Menurut Farid, banyak kalangan menilai, KY bisa membatalkan sebuah produk hukum, setelah ditemukannya pelanggaran etik yang dilakukan hakim. KY, sambung Farid hanya memberikan sanksi etik terhadap hakim. Namun pihaknya bisa memberikan rekomendasi untuk mencopot hakim yang kedapatan melakukan pelanggaran etik.
"Saya ingin luruskan pemahaman segelintir orang soal KY, KY lembaga kode etik. Sebagai lembaga etik maka sangksinya sangsi etik dan yang namanya lembaga etik gak ada eksekutorial," ujar Farid dalam diskusi bertema "MA mau kemana?" di kawasan Menteng, Jakarta Pusat, Sabtu (8/4).
Diketahui, kasus salah ketik MA dalam putusan uji materi peraturan DPD nomor 1 tahun 2016 dan 2017 tentang tata tertib DPD berujung pada desakan agar KY mencabut putusan perkara uji materi Peraturan DPD nomor 1 tahun 2017 tentang tata tertib.

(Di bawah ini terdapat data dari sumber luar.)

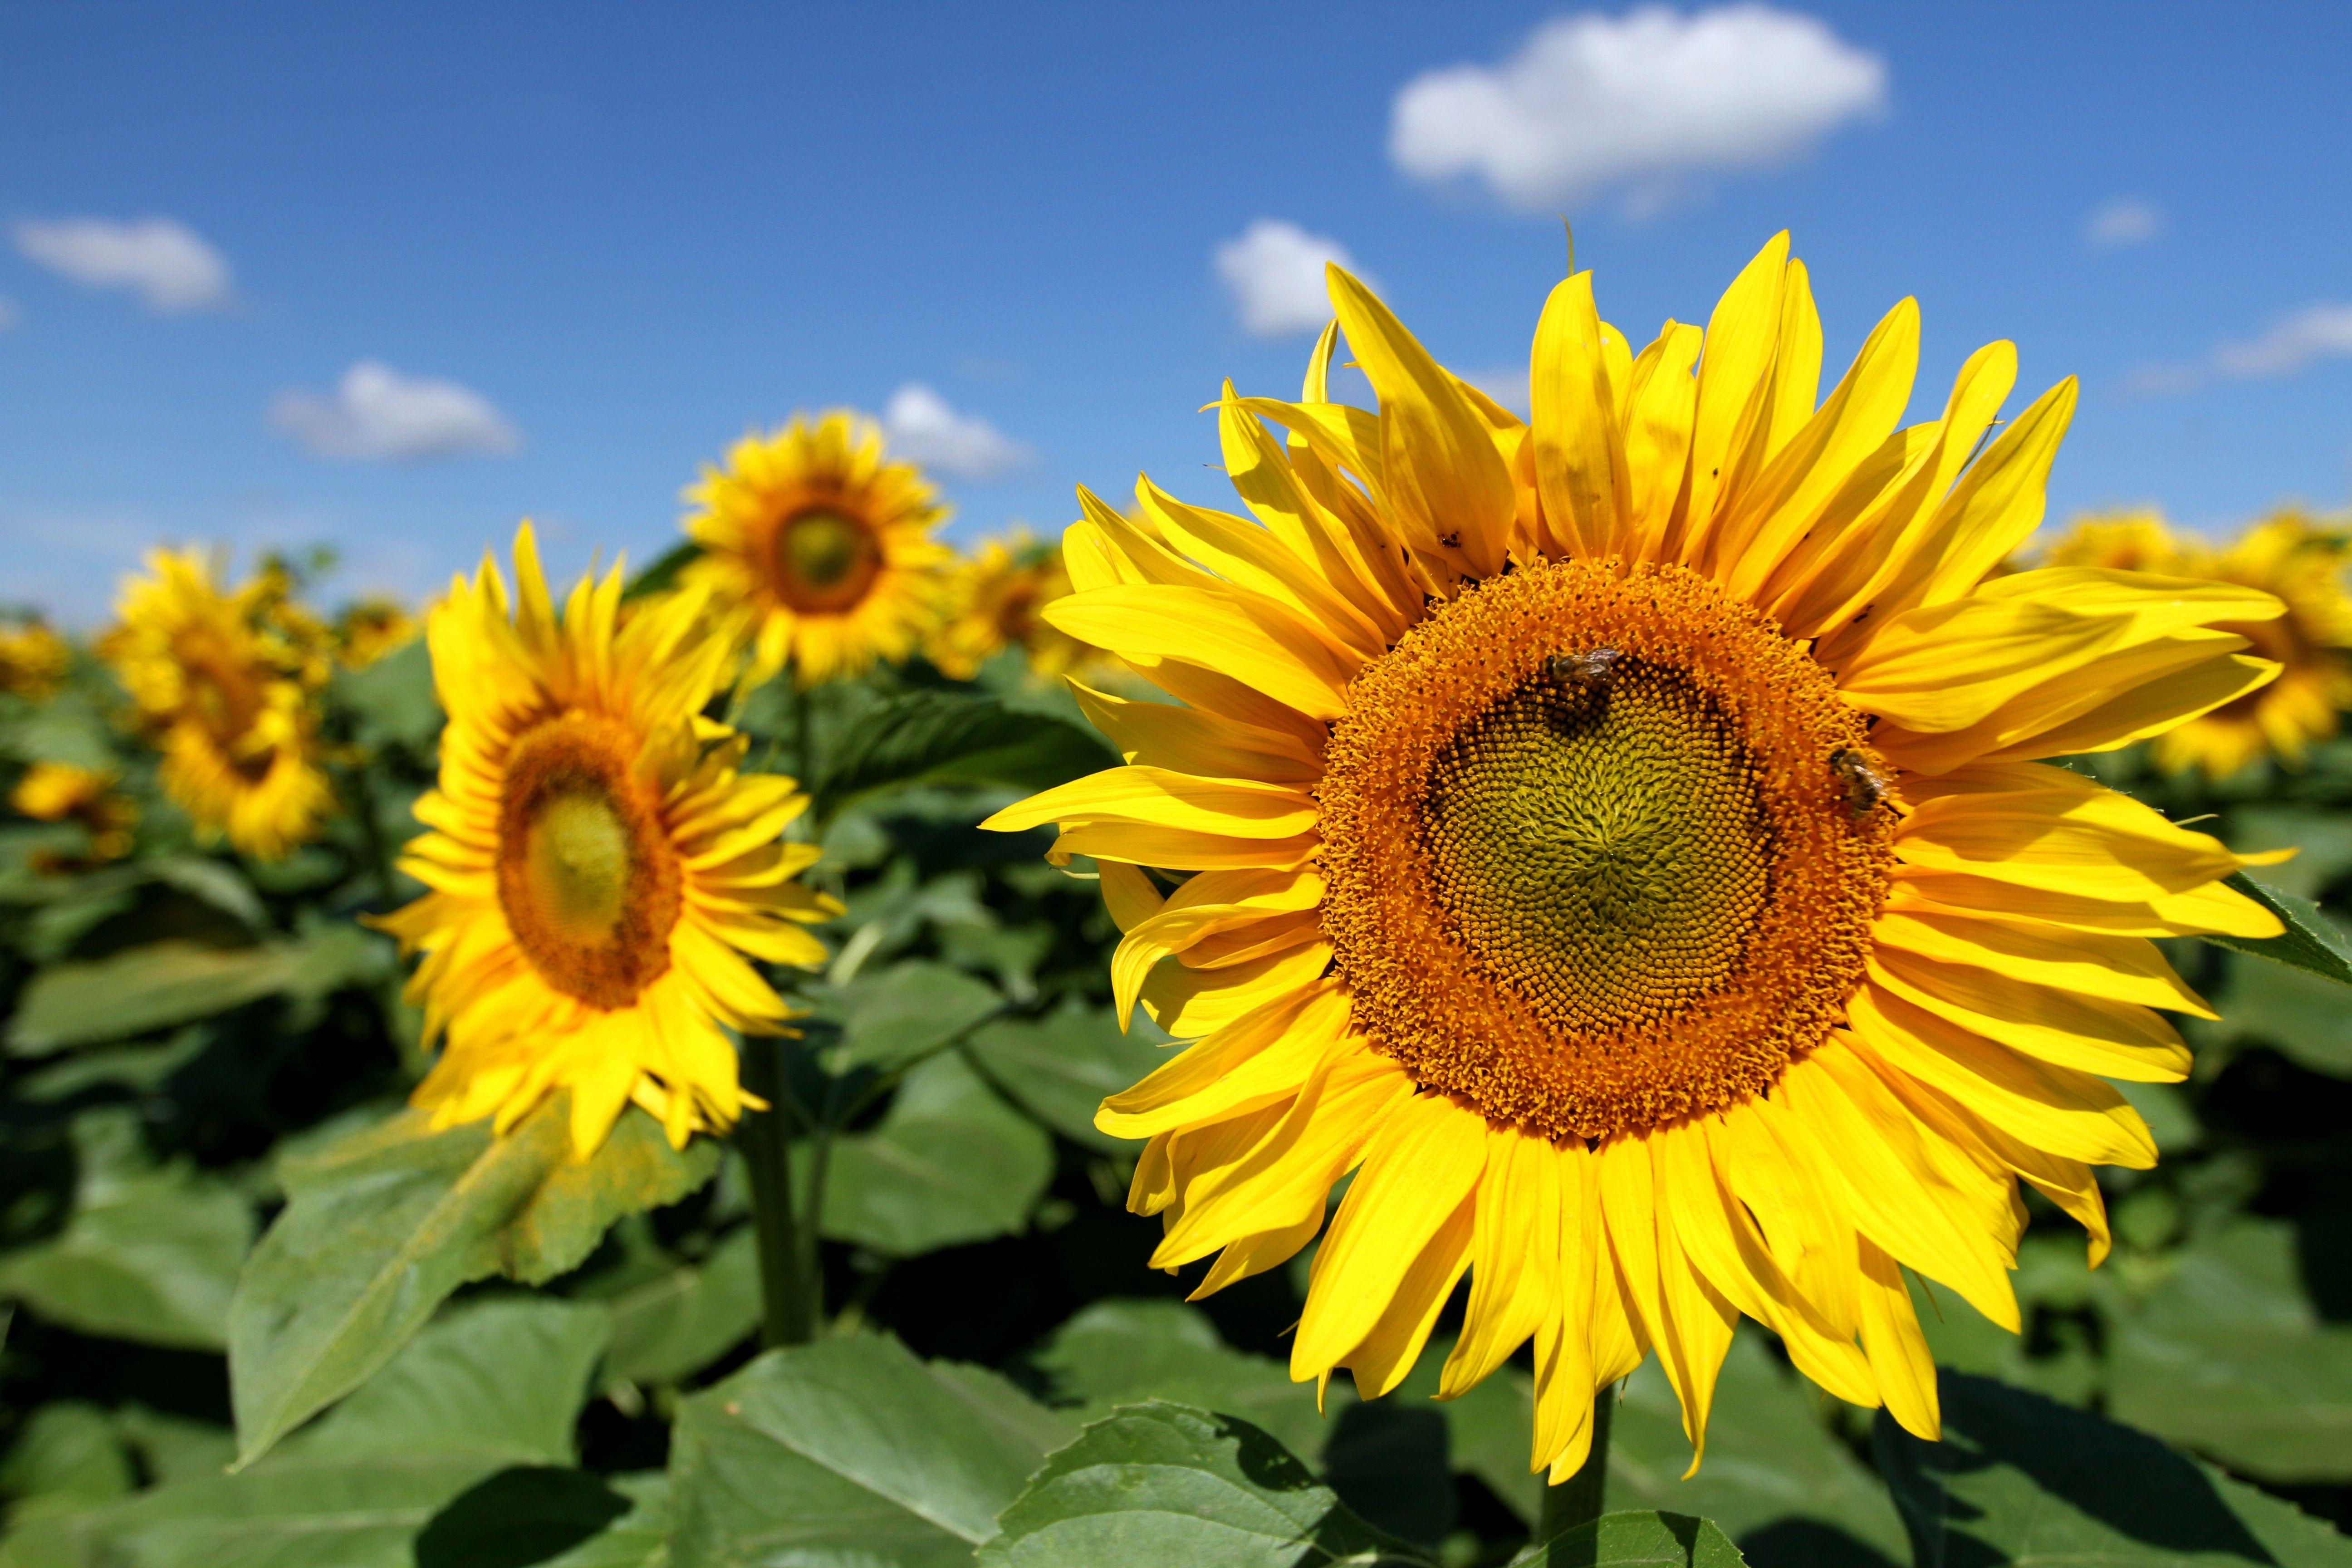 Sunflowers Solar Plexus Chakra Free Things To Do Sunflower Pictures Sunflower

Dalam putusan tersebut, MA membatalkan tata tertib DPD tentang pergantian pimpinan Dewan Perwakilan Daerah (DPD). Dengan putusan itu, pimpinan permanen 5 tahun, bukan dipilih ulang per setengah periode.
Mengejutkan dalam putusan itu terdapat kesalahan fatal di amar putusan. Dalam perkara Nomor 20 P HUM/2017 terdapat kesalahan di amar Nomor 3 yang berbunyi: Memerintahkan kepada Pimpinan Dewan Perwakilan Rakyat Daerah untuk mencabut Peraturan Dewan Perwakilan Daerah Republik Indonesia Undang-Undang Nomor 1 Tahun 2017 tanggal 21 Februari 2017 tentang Tata Tertib.
Adapun kesalahan lain di Perkara No 38 P/HUM/2016 terdapat kesalahan pengetikan yaitu amar : Memerintahkan kepada ‎pimpinan Dewan Perwakilan Rakyat Daerah Republik Indonesia Undang-Undang Nomor 1 tahun 2016 tanggal 10 Oktober 2016 tentang Tata Tertib.